Nerds on Call, Inc. (Ind.) v. Nerds on Call, Inc. (Cal.), 598 F. Supp. 2d 913, 916 (S.D. Ind. 2008) (citing Bank of Waunakee v. Rochester Cheese Sales, Inc., 906 F.2d 1185, 1191 (7th Cir. 1990)). Motions for reconsideration "essentially enable[ ] a district court to correct its own errors, sparing the parties and the appellate courts the burden of unnecessary appellate proceedings." Russell v. Delco Remy Div. of Gen. Motors Corp., 51 F.3d 746, 749 (7th Cir. 1995). However, a motion for reconsideration should not serve as the occasion to tender new legal theories for the first time. Publishers Res., Inc., 762 F.2d at 561. Whether to grant reconsideration is committed to the sound discretion of the court. See Caisse Nationale de Credit Agricole v. CBI Indus., Inc., 90 F.3d 1264, 1270 (7th Cir. 1996). III. DISCUSSION Although pro se filings are construed liberally, pro se litigants such as Harrell are not exempt from procedural rules. See Pearle Vision, Inc. v.
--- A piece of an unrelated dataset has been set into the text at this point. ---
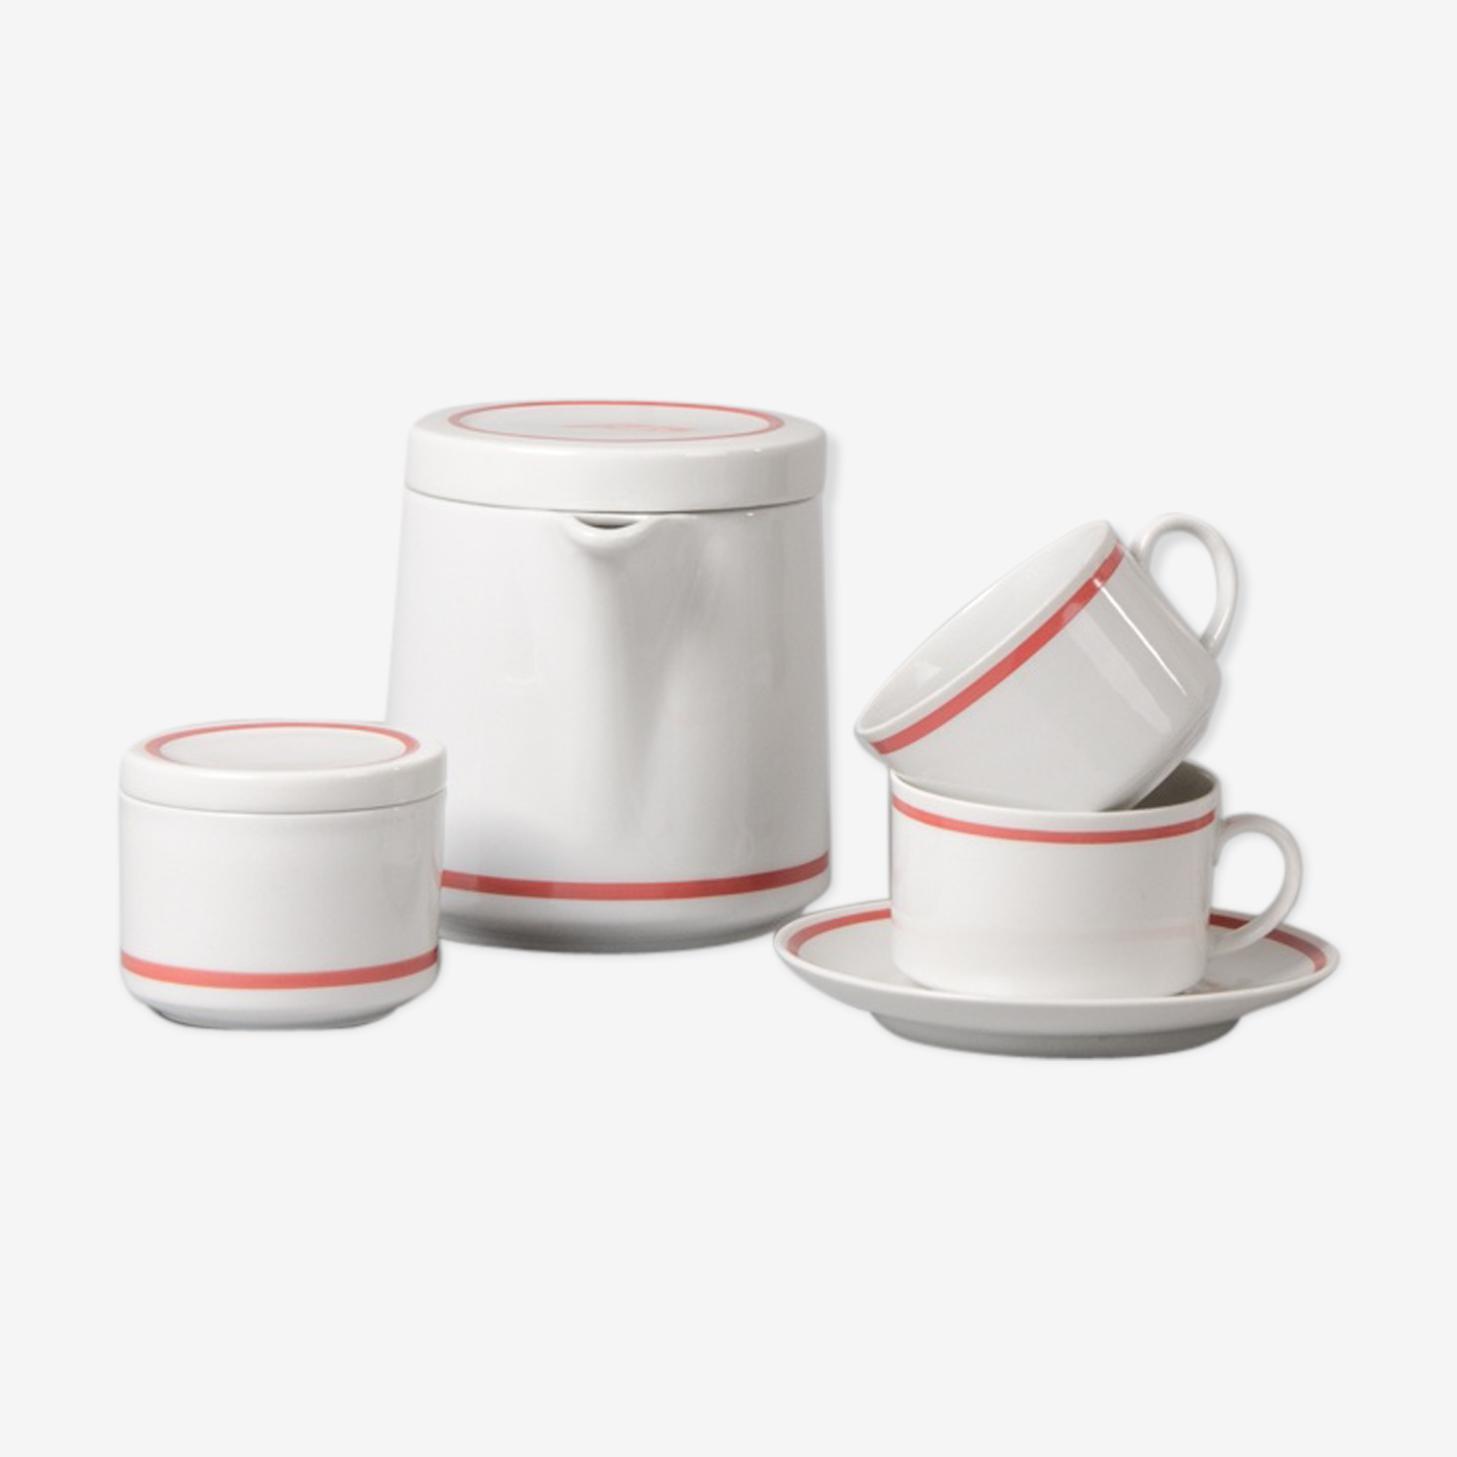 German coffee or tea set from seltmann weider, 1970s, set of 8

Romm, 541 F.3d 751, 758 (7th Cir. 2008) (noting that “pro se litigants are not excused from compliance with procedural rules”); Members v. Paige, 140 F.3d 699, 702 (7th Cir. 1998) (stating that procedural rules “apply to uncounseled

litigants and must be enforced”). A. Motion for Summary Judgment Harrell's January 20, 2024, Motion for Summary Judgment is premature. He filed his motion one day after Rowley Security answered the Complaint and before the Court has issued a case management plan. The Court adopted the deadlines in the scheduling Order Setting Case Management Plan (Dkt. 39) on January 30, 2024. The parties have not had the opportunity to make initial disclosures, depose witnesses, or complete discovery.